[[ Given material open ]]

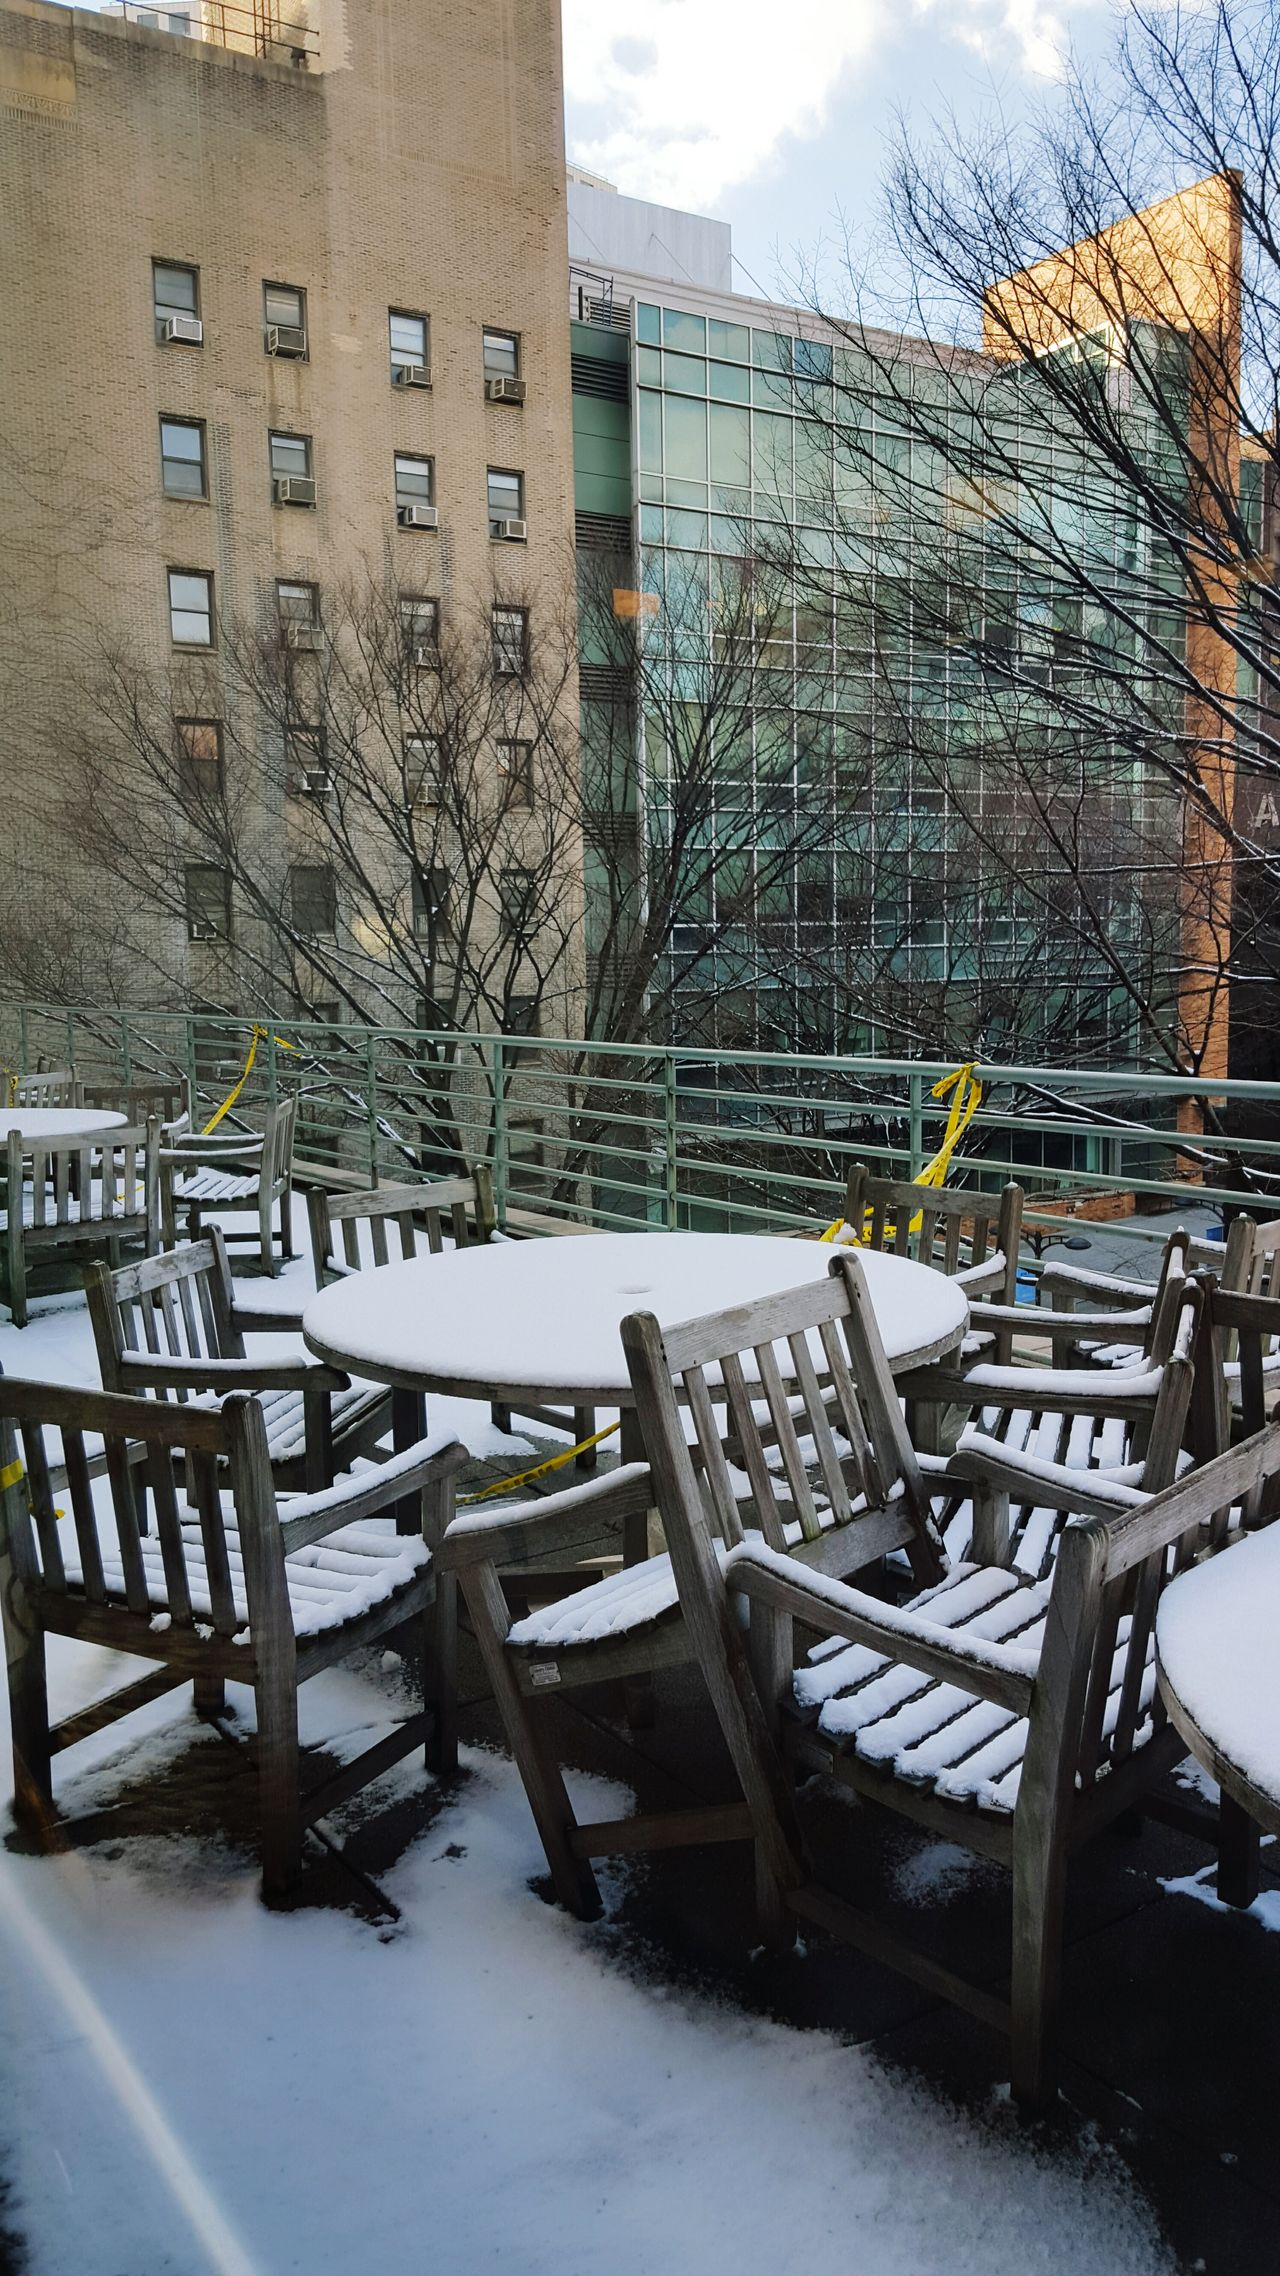 LIUBrooklyn Downtown Brooklyn Snow Table Balcony Winter
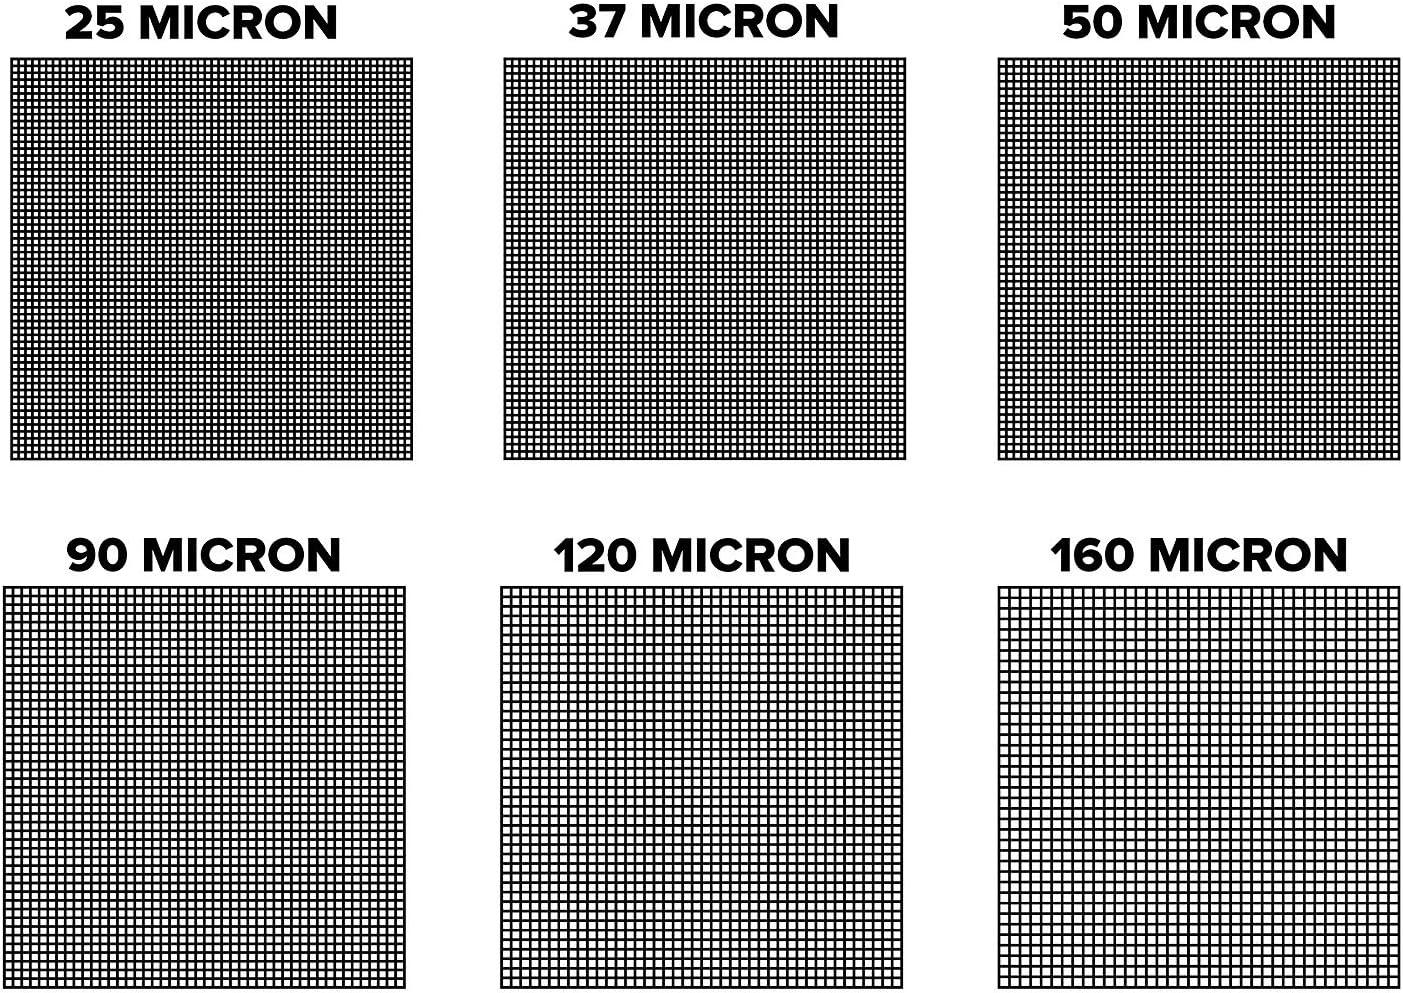 Premium Nylon Tea Filter Press Screen Bags 15 Micron Zero Blowout Guarantee 20 Pack 2 x 4 All Micron /& Sizes Available
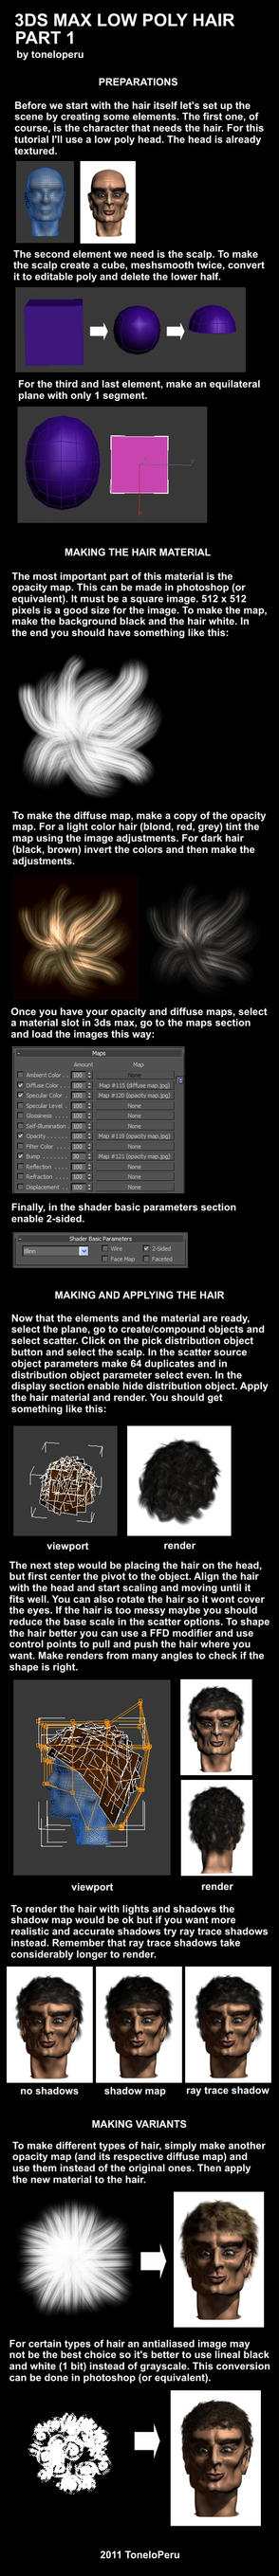 Low poly hair tutorial pt 1 by toneloperu
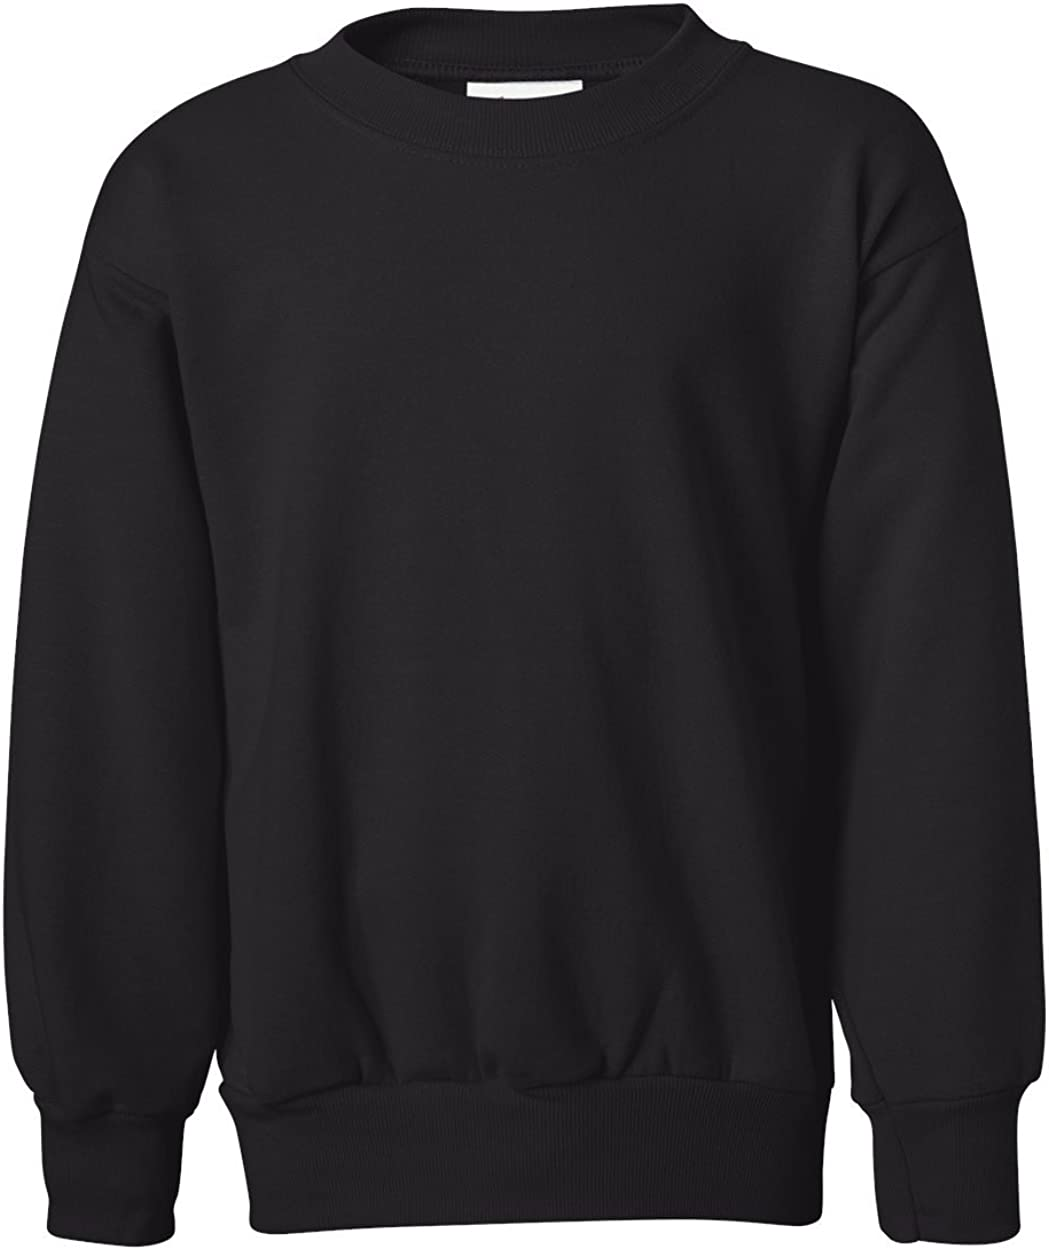 Hanes Boys ComfortBlend EcoSmart Crewneck Sweatshirt: Clothing

[[ Given material closed ]]

Repeat the data above exactly, leaving out any pictures it holds.

 LIUBrooklyn Downtown Brooklyn Snow Table Balcony Winter
 Premium Nylon Tea Filter Press Screen Bags 15 Micron Zero Blowout Guarantee 20 Pack 2 x 4 All Micron /& Sizes Available
 Low poly hair tutorial pt 1 by toneloperu
 Hanes Boys ComfortBlend EcoSmart Crewneck Sweatshirt: Clothing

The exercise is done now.